Kat: Not everybody wants to feel like crap all the time, and drinking alcohol really can do that. So the bitters in our cocktail mixers can really help prevent people from feeling so bad when they do choose to make a cocktail, because it supports the body and has a history of supporting the liver when you enjoy bitters with your food.

Kade: Oh, that's clever. I didn't know that, about the health functions of the bitters.

Kat: Yeah! They're really good for you. I think that people stay away from bitters in their home kitchen a lot, other than coffee and chocolate and maybe hops. Those are common bitters flavors we have in our kitchen. But I think Americans especially are kind of intimidated by mixing bitters, so we've just gone ahead and done that mixing so people don't have to worry about getting that perfect ratio so it still tastes good.

Elliot: We were brainstorming a little bit before this call. I think bitters are a pretty unfamiliar flavor in American diets. It reminds me of when umami was a big thing a bunch of years ago, when we all discovered, "Oh my gosh, there's a fifth flavor!" I was like, yeah, bitters are the new umami. I think we're used to them being in very specific contexts. You know, if you mix cocktails, if you're knowledgeable about mixed beverages, you know about using bitters to enhance the alcohol. But it's kind of like, yeah, chocolate and coffee are the only contexts we're really familiar with them enhancing a flavor. I think we often try to cover up bitter with sweetness in our chocolates and coffee. Our flavor-mixing in our shrub mixers--we use the bitter to balance out the other flavors, and it's also a traditional digestive aid. I think there's, like, a spring tonic aspect of this that we could talk about a little bit. You know, the early spring greens like dandelions are something bitter that kind of helps wake your body up after the winter. There's a lot of seasonal and regional influences in how we put these flavors together.

Kat: Yeah, there are.

Kade: I think that makes a lot of sense, and I think that fits well for here in the South, where we think of bitter greens as a big part of our cultural diet and culinary history.

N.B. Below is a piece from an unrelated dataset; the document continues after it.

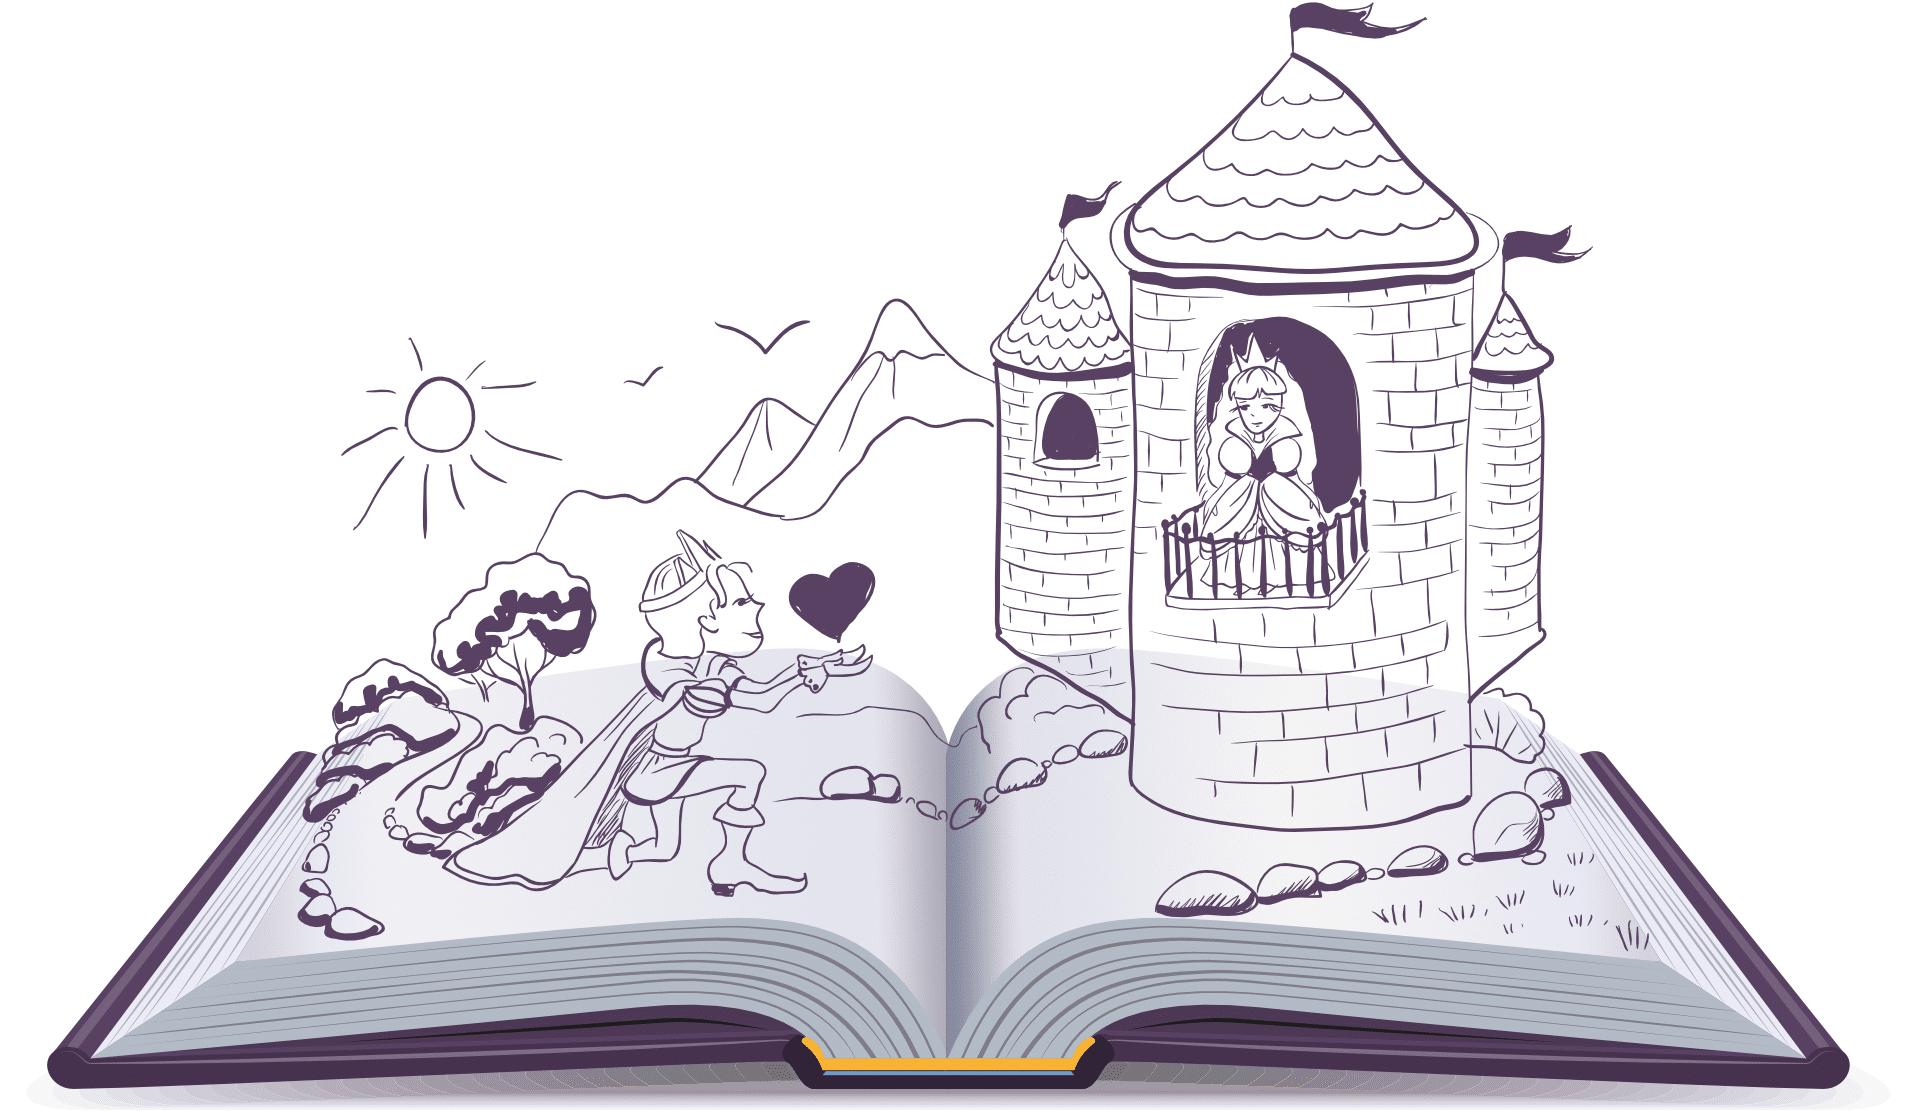 Fremhæver du fortællingerne i dine sætninger, gør du din tekst lettere at læse

Kat: I love that parallel. I think folks in the South in more rural areas still do things like harvest and eat dandelion greens, and these things are still traditional in various parts of Europe, too, because--especially, like, dandelions, they're found all over the globe. They're naturalized everywhere at this point. We have both dandelion greens and roots in several of our signature flavors. I think Blueberry Lemon-Lavender Shrub Bitters has maybe the most dandelion of any--that's the main bitters in that one, besides the lemon peel, which is also a great bitters. We just love incorporating local, abundant things in our bitters where possible. We're really hoping to move over to sourcing more and more from local farmers, maybe even other farmers through Patchwork, over the next couple of growing seasons as we expand.

Kade: Oh, that's really cool. You know I love to hear that.

Kat: Yeah. We'll definitely be reaching out to folks.